▶ _TASK DATA_:
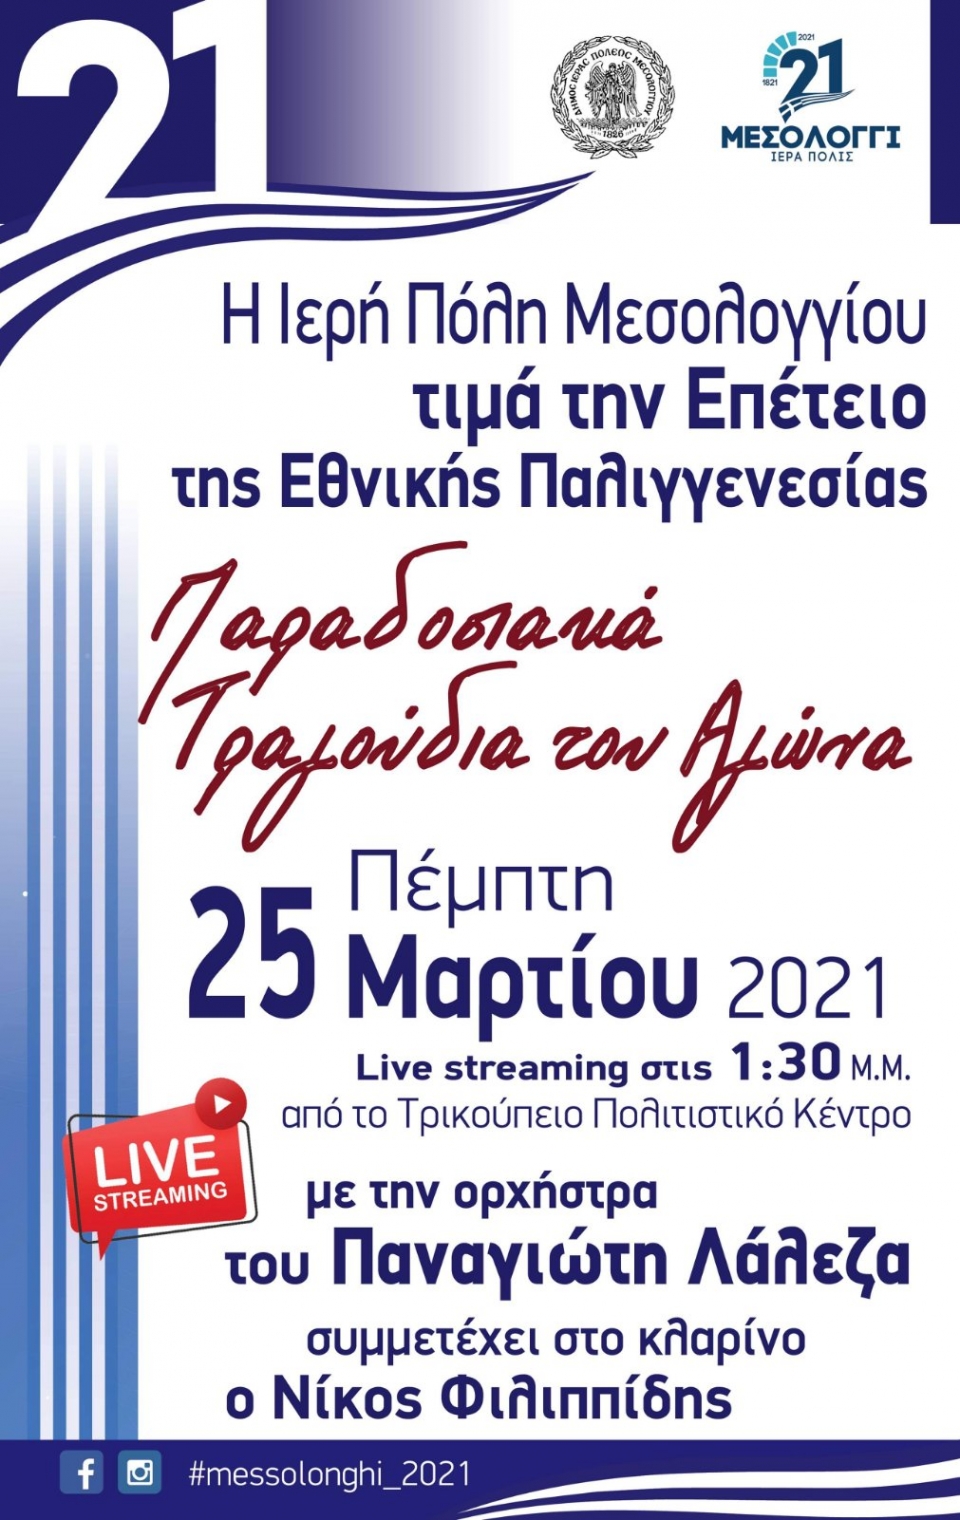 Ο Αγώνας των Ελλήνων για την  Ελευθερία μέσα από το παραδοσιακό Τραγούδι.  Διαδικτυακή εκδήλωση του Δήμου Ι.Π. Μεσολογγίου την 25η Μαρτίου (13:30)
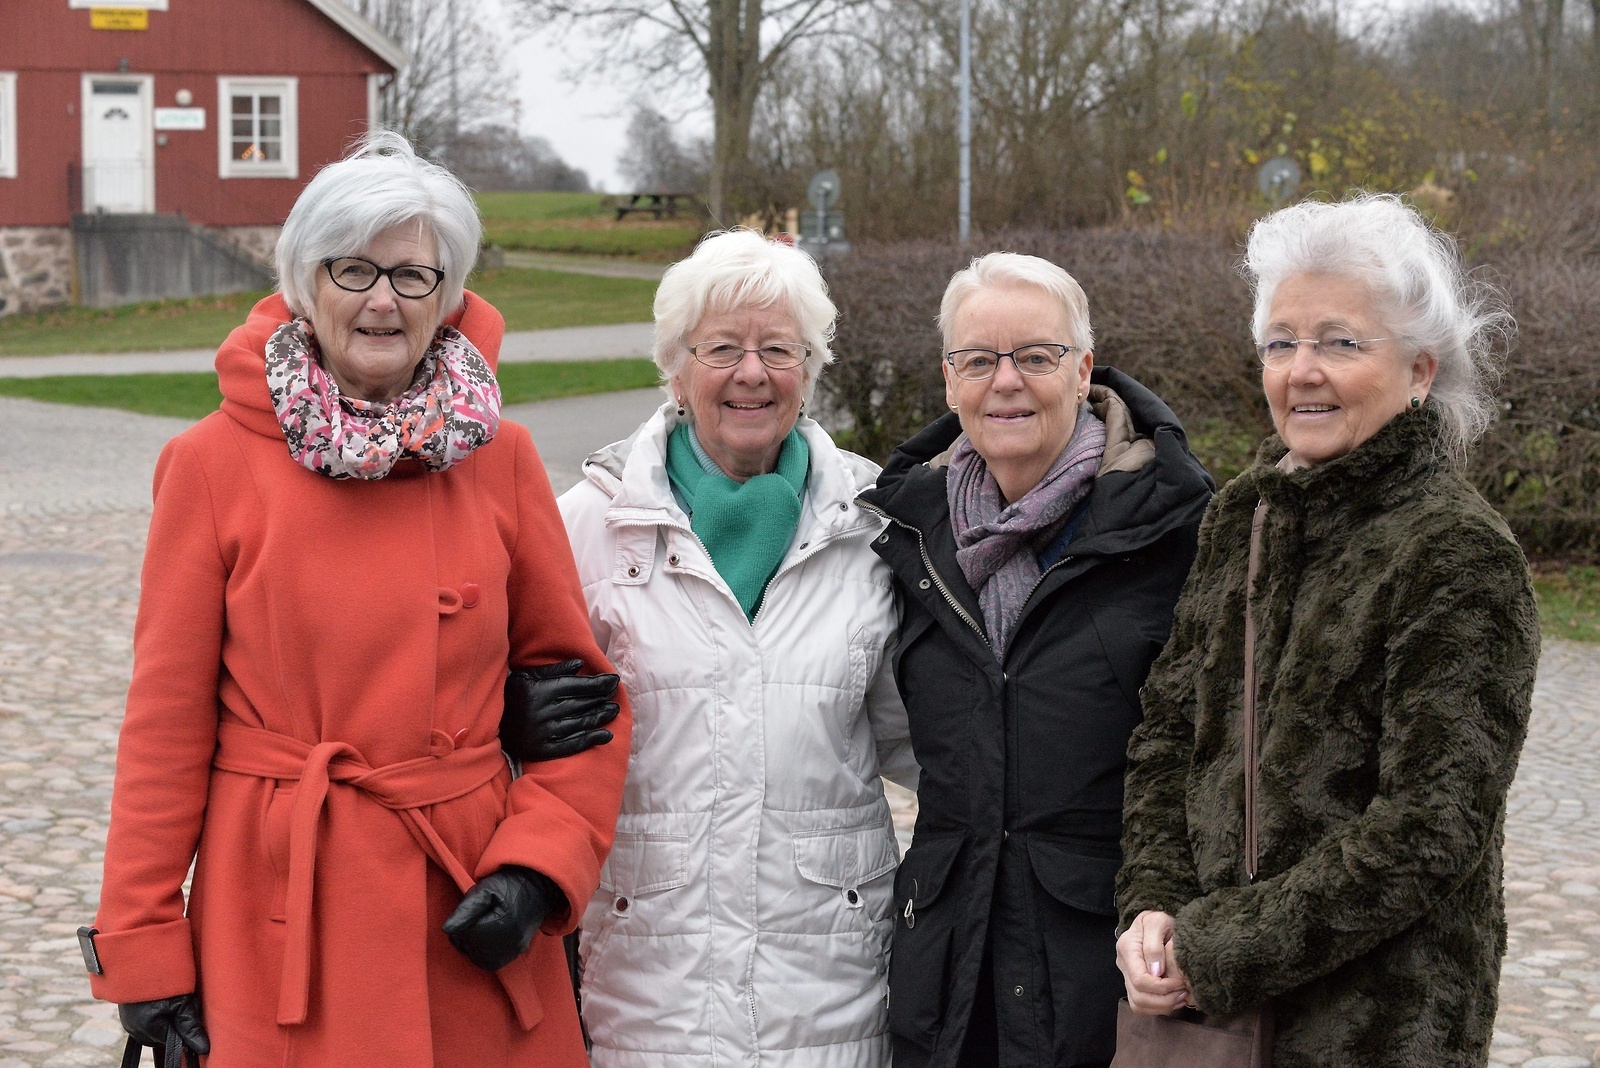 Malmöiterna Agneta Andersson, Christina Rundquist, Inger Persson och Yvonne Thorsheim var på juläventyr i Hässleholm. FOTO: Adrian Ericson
==
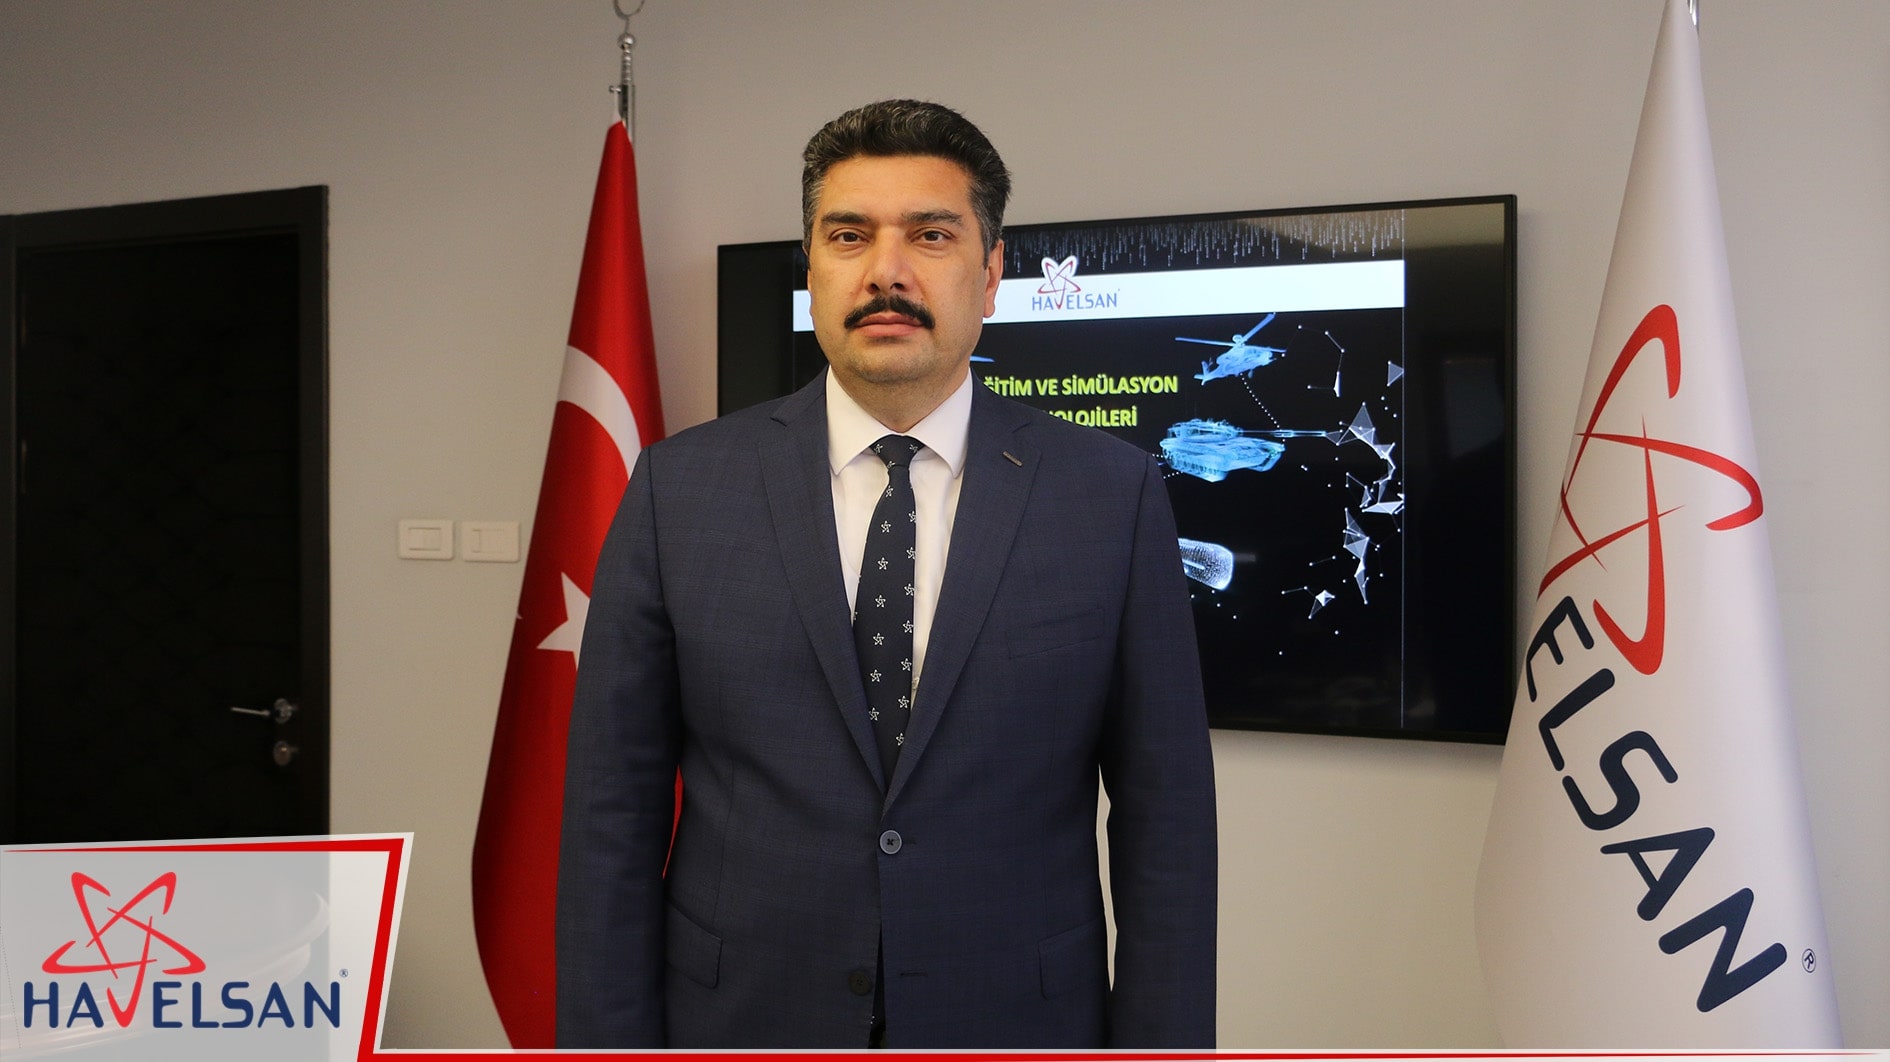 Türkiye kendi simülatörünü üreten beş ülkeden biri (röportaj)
==
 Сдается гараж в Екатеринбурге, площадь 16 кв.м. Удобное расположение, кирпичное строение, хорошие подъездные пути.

▶ _WHAT YOU NEED TO DO_: Find where the line with "Ο Αγώνας των" sits in the material above and where the line with "Malmöiterna Agneta Andersson, Christina" sits. Set down exactly the lines from the first to the second, both included and nothing else, without pictures.

▶ _OUTPUT FOR THIS TASK_:
 Ο Αγώνας των Ελλήνων για την  Ελευθερία μέσα από το παραδοσιακό Τραγούδι.  Διαδικτυακή εκδήλωση του Δήμου Ι.Π. Μεσολογγίου την 25η Μαρτίου (13:30)
 Malmöiterna Agneta Andersson, Christina Rundquist, Inger Persson och Yvonne Thorsheim var på juläventyr i Hässleholm. FOTO: Adrian Ericson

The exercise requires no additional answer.